Jacques Roubaud, il matematico e scrittore oulipiano, noto anche in Italia come romanziere del ciclo di Ortensia (cfr. le due traduzioni da Feltrinelli), ancora da scoprire come poeta e studioso di poesia (cfr. la sezione del semestrale di lettura "Idra", 1995, n. 10), propone con "Viaggio d'inferno" una doppia operazione. Da un lato, infatti, continua il racconto di Perec in entrambe le direzioni della sequenza temporale mostrandone gli antefatti e seguendone gli sviluppi, dall'altro lato, poi, suggerisce attraverso le stesse scelte narrative e di costruzione del testo una sua indiretta ma assai efficace interpretazione del lavoro di Perec. Nell'impossibilità di seguire dettagliatamente il primo, andrà ricordata per il secondo, innanzitutto, la ripetizione con variazione inscritta già nel titolo che corregge un presunto refuso "hiver" per "hier" e con la caduta di una lettera ristabilisce il senso dell'intera vicenda, Viaggio di ieri (un riferimento che si perde nella pur ingegnosa traduzione, con variazione di una lettera, "Viaggio d'inferno"). "Ieri" è l'origine perduta della famiglia Borrade, della poesia di Hugo Vernier e con essa di una zona sempre più ampia della poesia francese, e questo ieri inghiotte in sé il domani, ossia costringe a una ricerca quasi sempre vana che, comunque, decide il senso delle vite che coinvolge.
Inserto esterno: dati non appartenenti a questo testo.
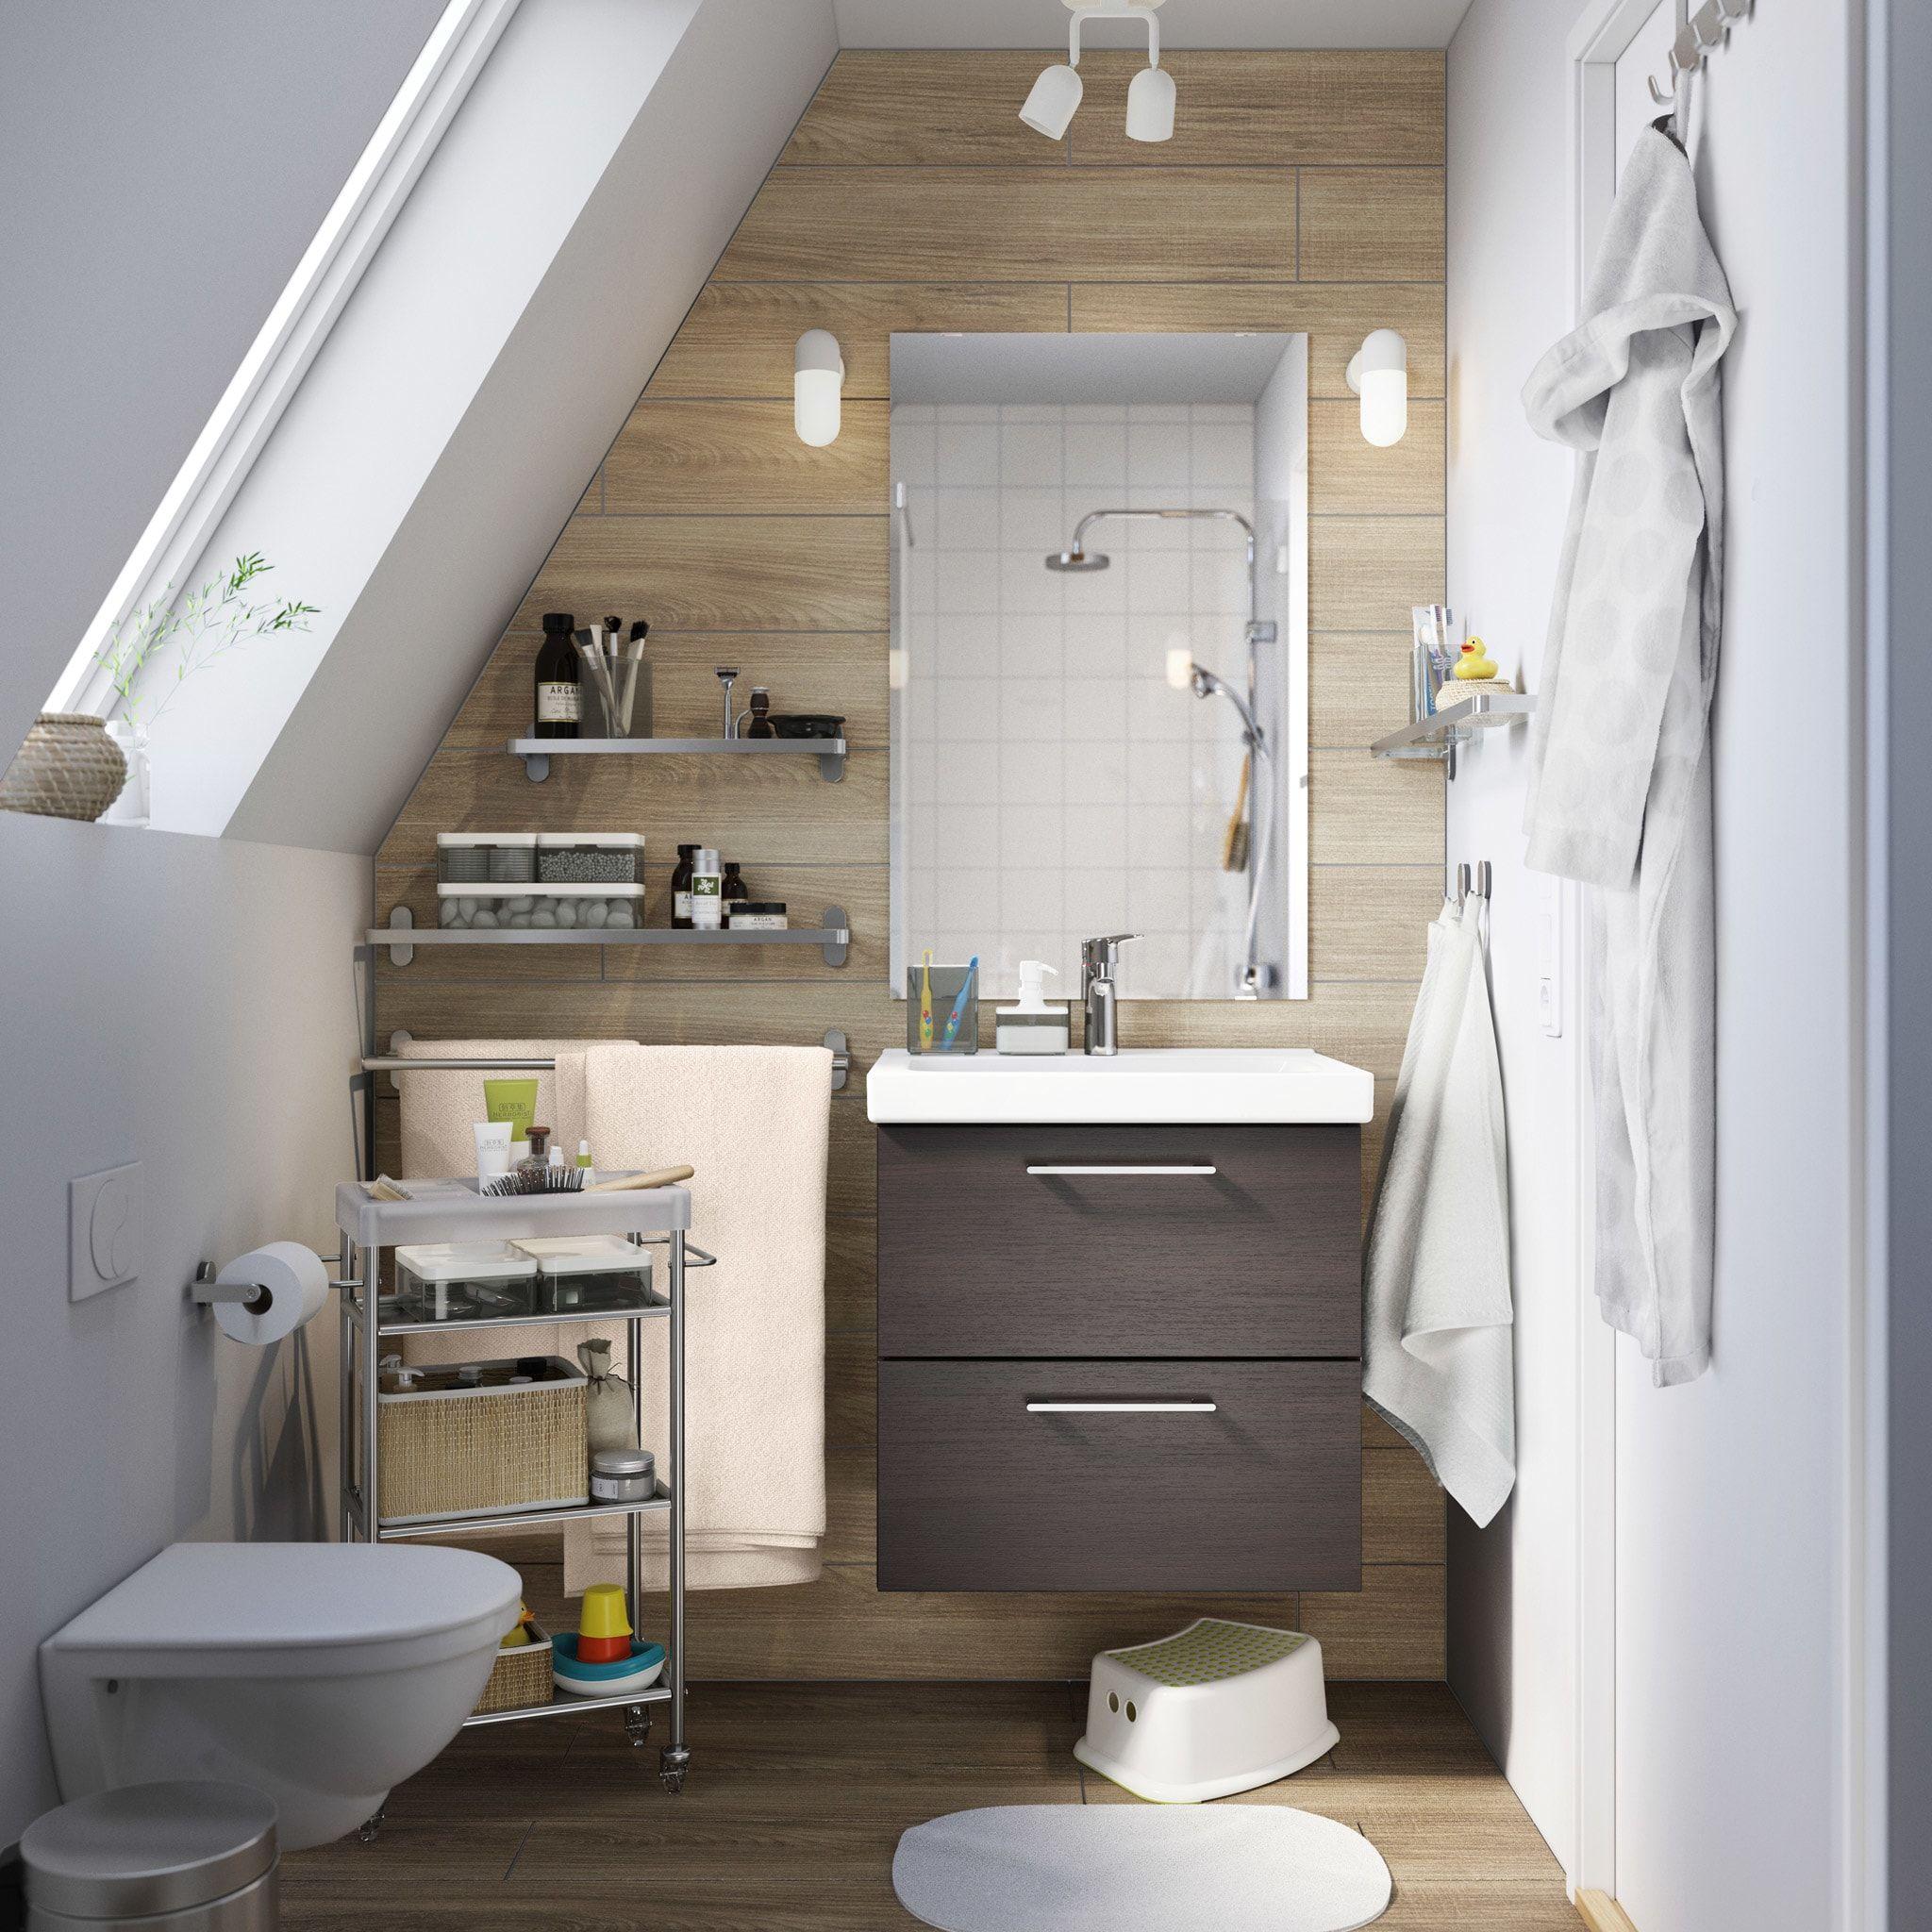 Modern Bathrooms Design Ideas From Ikea   Bathroom ...

Raddoppiamento, variazioni, perdita, intreccio tra finzione e realtà, sono quindi alcuni degli elementi che Roubaud mette in rilievo ma, tra essi, due spiccano per motivi opposti. L'enfasi che impiega nel chiudere la vicenda in tutti i dettagli, nel fornire spiegazioni più o meno plausibili, nel ritrovare ciò che era andato perduto (il poeta Roubaud non resiste, tra l'altro, alla tentazione di "trascrivere" le poesie di Hugo Vernier), assai lontana dalla propensione di Perec per gli esiti irrimediabili, particolarmente forte negli ultimi anni. E, di contro, l'enfasi sul possibile, l'apertura a nuovi giochi sul filo di un divertimento che non si lascia alle spalle il tragico, assai prossima a quanto Perec aveva di più caro, che lo distoglie dallo sguardo retrospettivo della morte per cui ciò che è accaduto si trasforma in necessità, e lo riconsegna a ciò che avrebbe potuto scrivere, al se che avrebbe potuto essere.

I vostri commenti
Fulvia (13-11-2006)
Viene davvero la voglia di fare l'inventario delle proprie tasche, o di "registrare" l'immagine delle facciate dei palazzi di una via ogni giorno, ogni anno, ma non solo: quale inventario è possibile fare con i nostri ricordi, quale volto abbiamo "registrato" per giorni per anni? Da leggere per imparare a leggere, ma non solo le pagine dei libri.